With California’s legal marijuana initiative on the ballot in November (Prop. 19), I figure it’s a good time to discuss the related issues of 1) what happens to parents who get caught using cannabis, and 2) how you can reduce your chance of getting your kids taken if you’re one of them.

I deal with this on a weekly basis. People are usually surprised and really angry to find out what the child welfare laws can do to them for using or possessing drugs, even without any criminal charges or convictions. And it’s not just dirtbags. Sometimes it happens to normal, likeable, responsible people you wouldn’t think there was anything wrong with.

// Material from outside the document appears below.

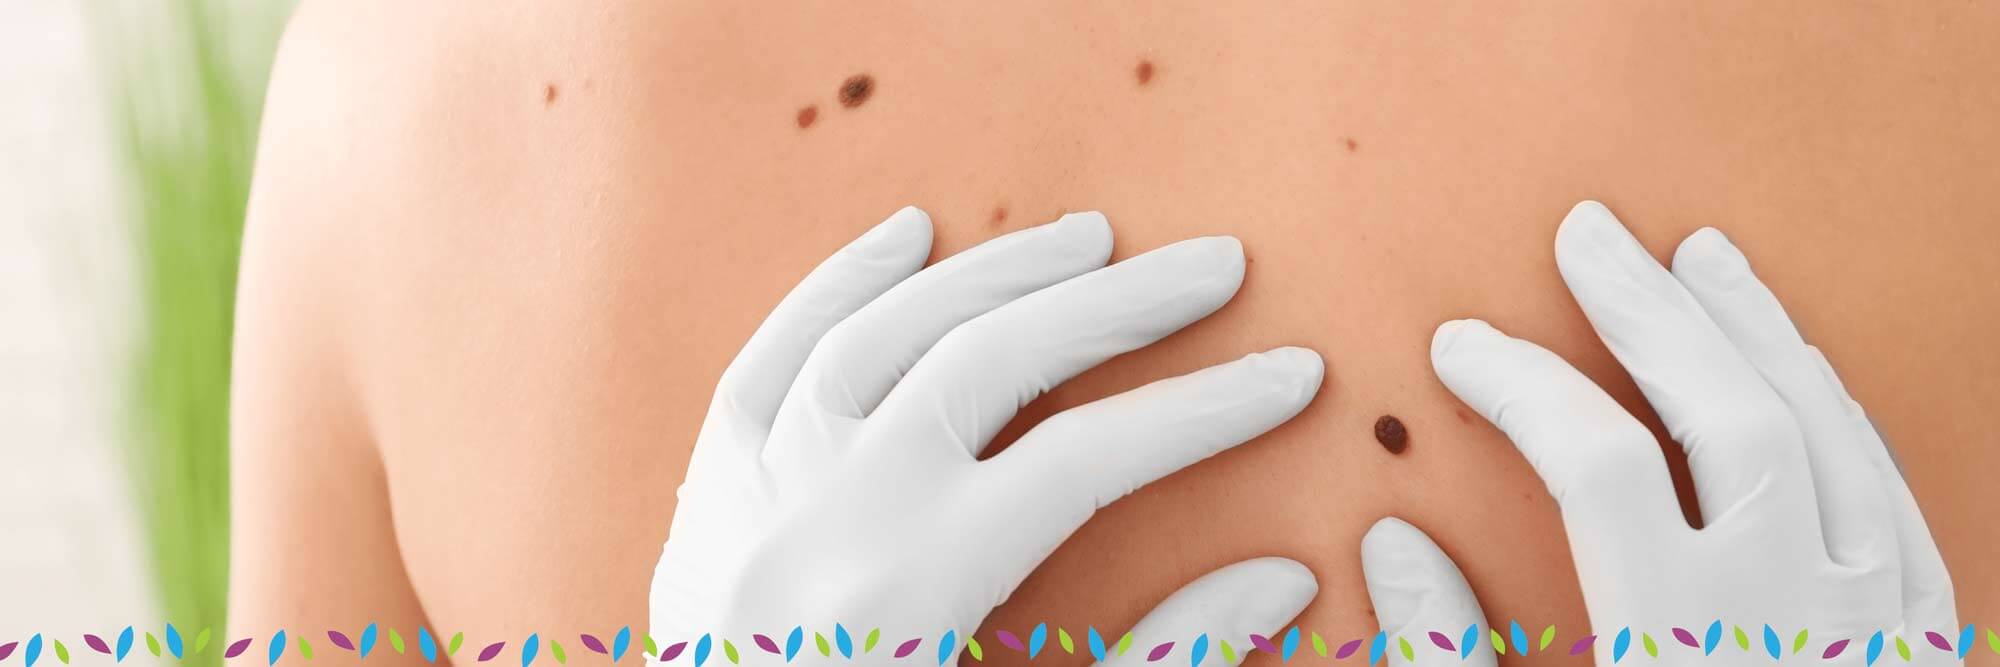 Melanoma  early detection and treatment are critical  Harvard Health
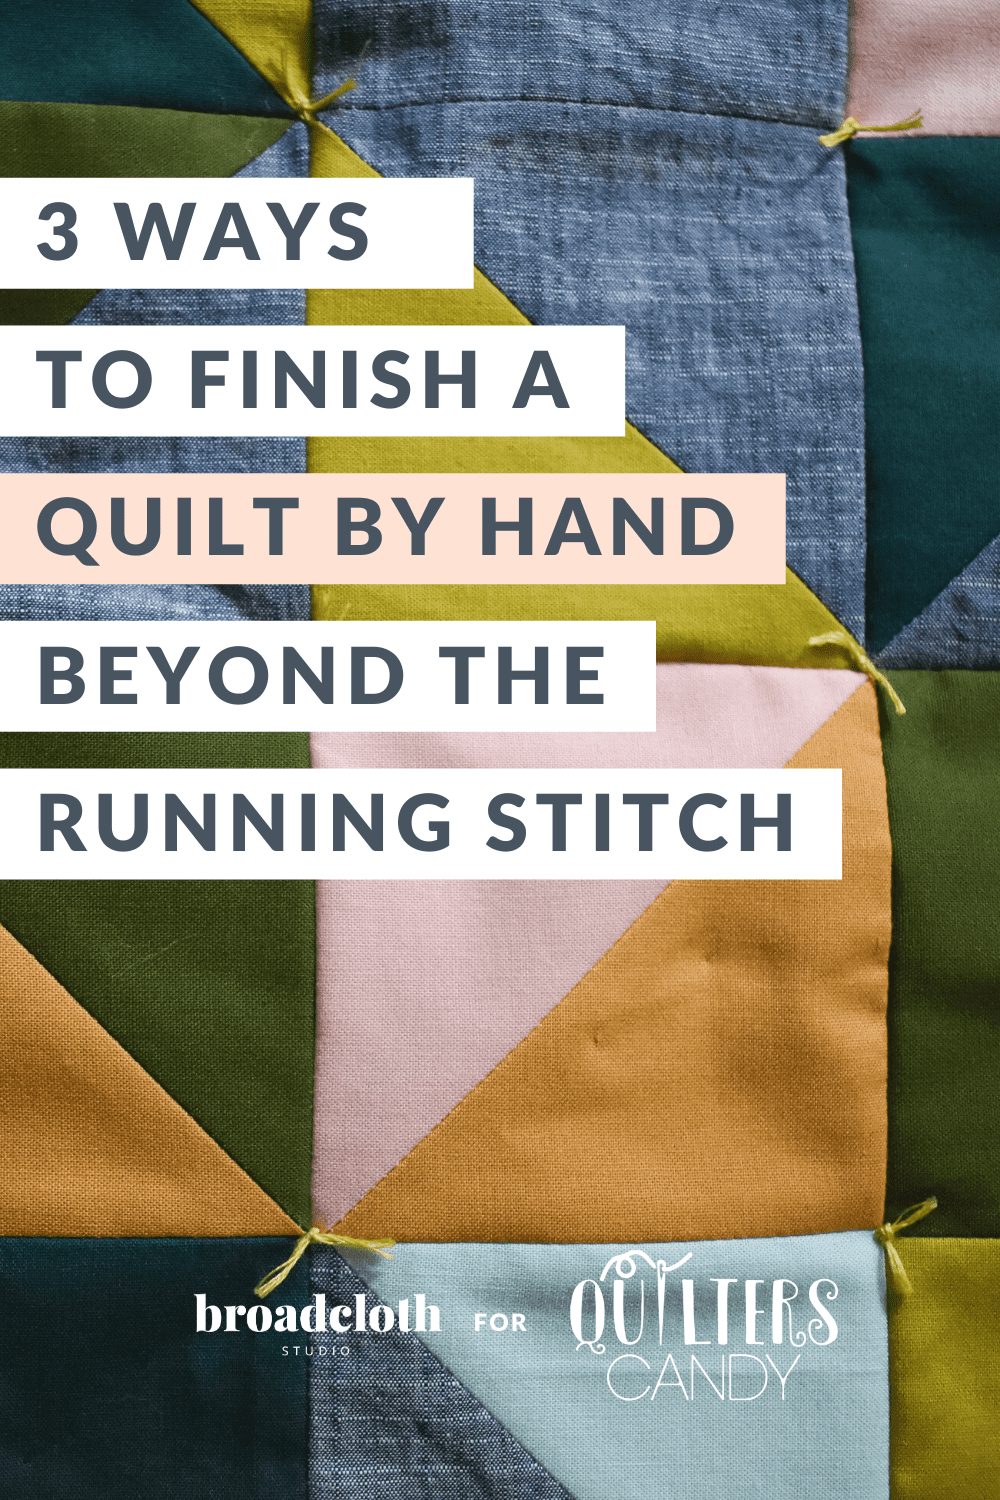 3 ways to finish a quilt by hand

I have to explain to many unhappy parents that a “DA reject” of their possession or dealing charge has no effect on their resulting case in children’s court. Their kids are staying in foster care. Or maybe they never even got arrested. Someone who didn’t like them — like their ex — just called in a referral to the child abuse hotline. Maybe it wasn’t even for pot, maybe it was for coke or meth, and they marched indignantly down to the testing site unaware that they screen for every drug, not just whatever they were accused of. Or, more commonly, the children were removed from the other parent due to something else, and this parent’s use got talked about when they interviewed the other parent. Or maybe not, but maybe when they ran your criminal record — which they always do as part of their investigation — they found a pot ticket from a couple of years ago. Or not a conviction, but just an arrest for possession. Or no arrests, but several calls to the cops from or about your address claiming drug-related activity. (Bet you didn’t know there are records kept of cop calls.)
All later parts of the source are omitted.